Door acute of chronische ontstekingen van het middenoor (zie verder bij schoonmakende ooroperaties) kan er een beschadiging zijn opgetreden aan zowel het trommelvlies als de gehoorbeenketen. De minuscule gehoorbeentjes kunnen deels door de ontsteking worden weggevreten. De gehoorbeentjes vormen dan geen keten meer, zodat het geluid niet meer wordt geleid van het trommelvlies naar het slakkenhuis. Het aambeeld (incus) en de stijgbeugel (stapes) zijn het meest kwetsbaar en het meest frequent aangetast.          

Operatietechniek
De keel-, neus-en oorarts kan in dergelijke gevallen via de gehoorgang het middenoor onder microscopisch zicht benaderen en microreconstructies maken ter overbrugging van het defect in de gehoorbeenketen. Bijvoorbeeld kan er een nieuwe verbinding worden gemaakt tussen het stijgbeugelkopje en de hamersteel (in geval van een deels verdwenen aambeeld; zie afbeelding) of tussen de voetplaat van de stijgbeugel en de hamersteel (in geval van een deels verdwenen aambeeld en stijgbeugel).

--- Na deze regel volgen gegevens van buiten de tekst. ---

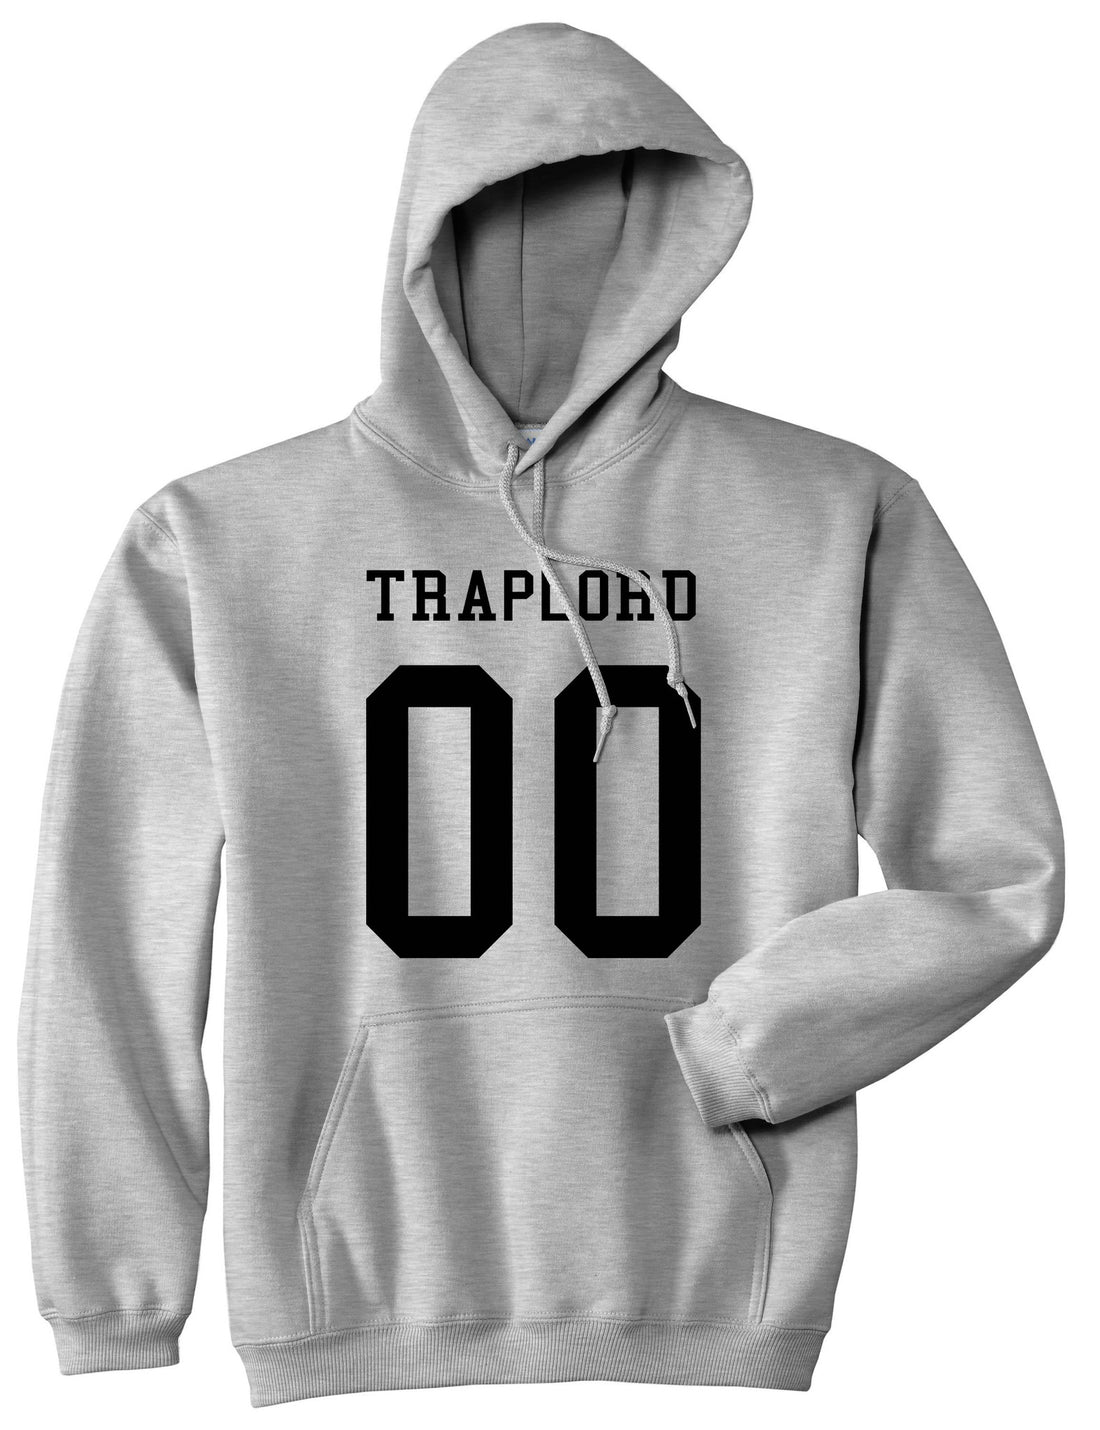 Traplord Team Jersey 00 Trap Lord Pullover Hoodie in Grey By Kings Of NY

Voor deze reconstructie/overbrugging worden veelal kunstmaterialen gebruikt en soms eigen weefsel van de patiënt. 

Belangrijk
Na een operatie waarbij de continuïteit van de gehoorbeenketen is hersteld, mag u de eerste drie weken na de operatie niet sporten en zwaar werk doen. Ook mag u de eerste drie weken de neus niet snuiten. De eerste drie maanden mag u niet vliegen. Voordat u gaat (sport)duiken moet u zich opnieuw laten keuren. 

Slagingskans
De kans op succes hangt van veel factoren af; een keel-, neus-en oorarts zal hierover meer informatie kunnen geven.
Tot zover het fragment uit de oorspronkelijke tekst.